Он разглядывал Антуана со страстным любопытством, и его лицо выразило
вдруг такой ум и зрелость, словно он стал старше на десять лет.
- Я уж давно это заметил, - опять заговорил Антуан. - В нас заключено,
вероятно, какое-то необычное сочетание гордости, буйства, упрямства и бог
знает чего еще. Да вот, возьми отца... Но ты его по-настоящему не знаешь.
Впрочем, с отцом - случай особый. Так вот, - продолжал он, помолчав, и сел
напротив Жака, наклонившись вперед и упираясь руками в колени, как это делал
г-н Тибо, - я хотел тебе только сказать, что эта тайная сила непрерывно
проявляется в моей жизни, не знаю, как это лучше выразить, проявляется
наподобие волны, вроде тех глубинных валов, которые вдруг нас вздымают,
когда мы плывем, и несут на себе, позволяя вмиг преодолеть огромное
расстояние! Ты сам убедишься! Это чудесно. Но нужно уметь этим пользоваться.
Когда обладаешь такой силой, нет ничего невозможного, ничего трудного в
жизни. И в нас она есть, эта сила, в тебе и во мне. Понимаешь? Вот,
например, я... Но не будем сейчас обо мне... Поговорим о тебе. Для тебя
пришло время измерить эту силу, живущую в тебе, познать ее, овладеть ею. Ты
потерял много времени, но ты его наверстаешь одним махом, если только
захочешь. Хотеть! Далеко не все люди способны хотеть. (Впрочем, я сам это
понял только недавно.) Лично я способен хотеть. И ты тоже способен. Все Тибо
способны хотеть. Поэтому-то нам, Тибо, любой труд по плечу. Обогнать других!
Утвердить себя в жизни! Это необходимо. Необходимо, чтобы эта сила,
сокровенная сила нашей природы, наконец проявила себя! В тебе и во мне древо
Тибо должно расцвести. Расцветший род!

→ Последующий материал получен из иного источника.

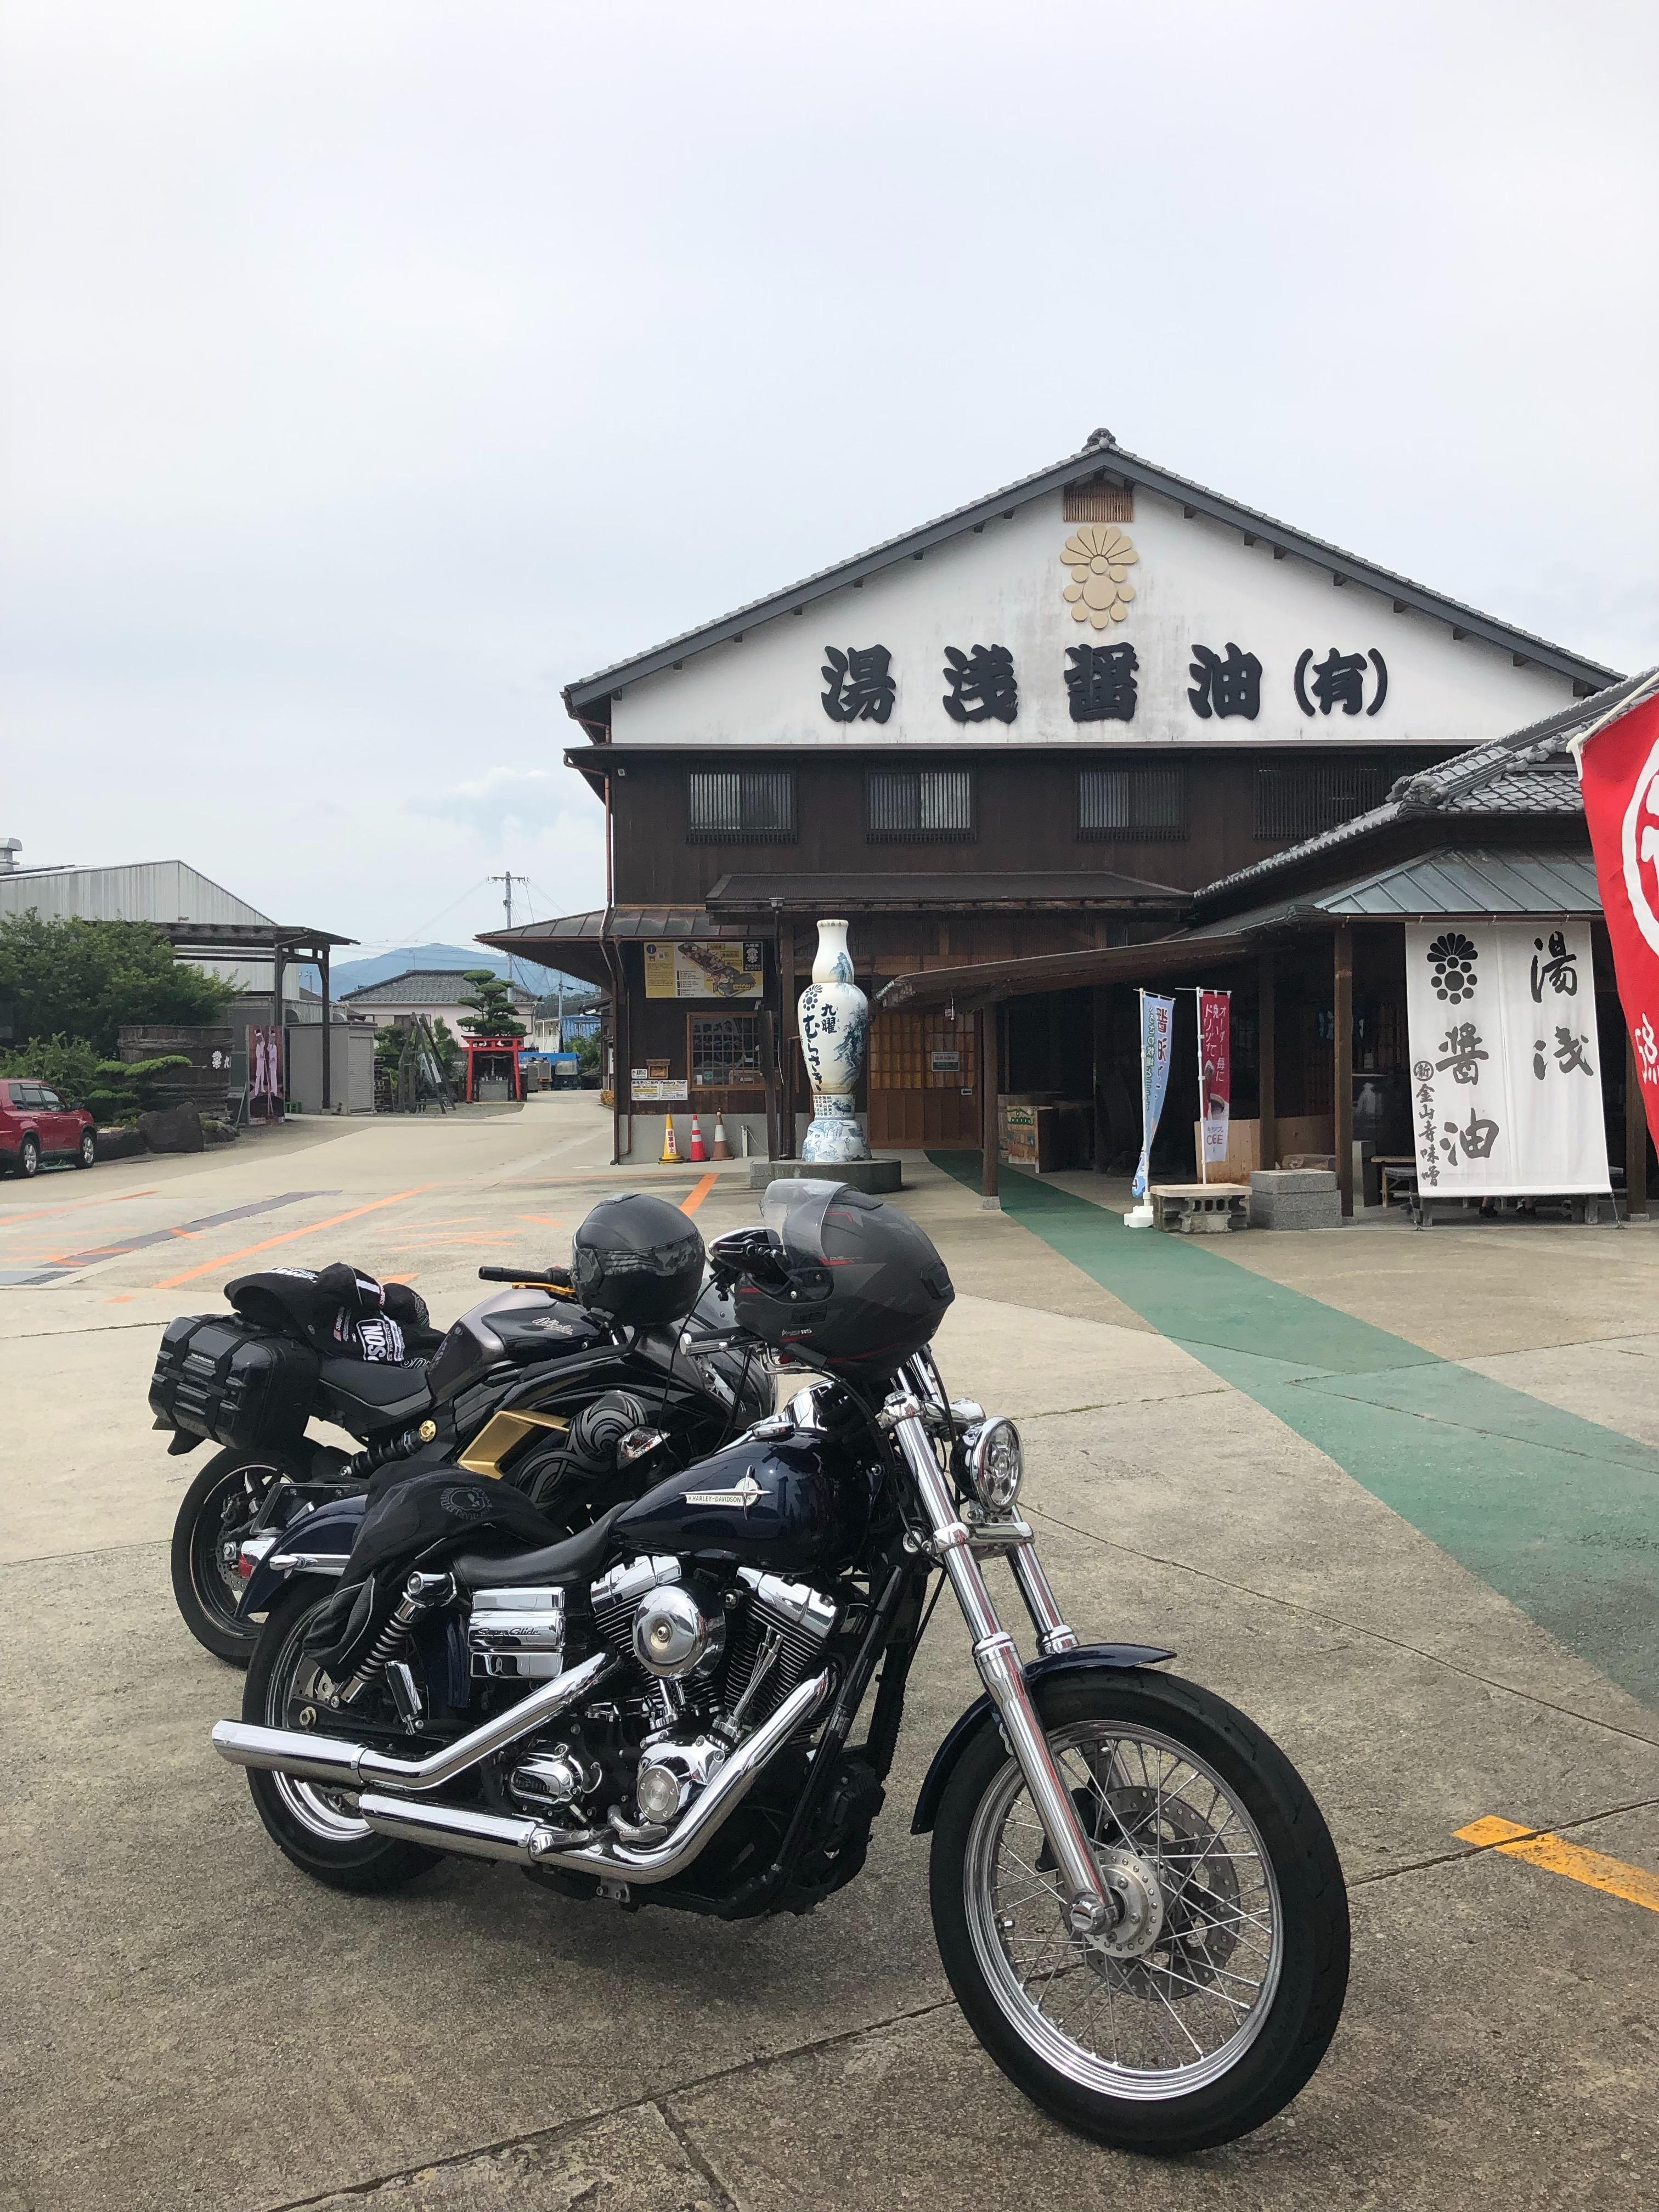 ぴーきち&ダイナ ハーレーブログ 和歌山有田ツーリング 湯浅醤油

Ты это понимаешь?
Жак все так же, не отрываясь, с мучительным вниманием смотрел на
Антуана.
- Ты это понимаешь, Жак?
- Ну конечно, понимаю! - почти выкрикнул он.
Его светлые глаза сверкали, в голосе билось раздражение, уголки рта
сложились в странную гримасу, - можно было подумать, будто он сердится на
брата за то, что тот взбаламутил его душу. Его словно передернуло мгновенным
ознобом, потом лицо погасло и на него легла маска крайней усталости.
- Ах, оставь меня! - проговорил он вдруг и уронил голову на руки.
Антуан замолчал. Он разглядывал брата. Как похудел, побледнел он за эти
две недели! Рыжие волосы были коротко острижены, и особенно резко бросалась
в глаза неправильность черепа, оттопыренные уши, худая шея. Антуан заметил
прозрачность кожи на висках, серый цвет лица, круги под глазами.
- Отучился? - спросил он без обиняков.
- От чего? - пробормотал Жак.
Ясный взгляд потускнел. Мальчик, краснея, попытался изобразить
удивление.
Антуан не ответил.
Время шло. Он посмотрел на часы и встал; в пять часов начинался второй
обход. Он не сразу решился сказать брату, что оставляет его до ужина одного;
но, вопреки ожиданию, Жак воспринял его уход едва ли не с удовольствием.
В самом деле, оставшись один, он ощутил облегчение. Сперва ему
захотелось осмотреть квартиру. Но в прихожей, при виде запертой двери, его
охватило необъяснимое беспокойство; он опять закрылся в своей комнате. До
сих пор он даже не разглядел ее как следует. Наконец-то увидел букетик
фиалок, ленточку. События дня перепутались у него в голове, - встреча с
отцом, разговор с Антуаном. Он повалился на диван и опять заплакал; отчаянья
больше не было; нет, он плакал теперь потому, что бесконечно устал, и еще
из-за комнаты, из-за фиалок, из-за отцовской руки на затылке, из-за доброты
Антуана, из-за всей этой новой и неведомой жизни; он плакал оттого, что все
наперебой толковали ему о своей любви, оттого, что теперь все начнут им
заниматься, с ним говорить, улыбаться ему; оттого, что придется всем
отвечать; оттого, что его покою пришел конец.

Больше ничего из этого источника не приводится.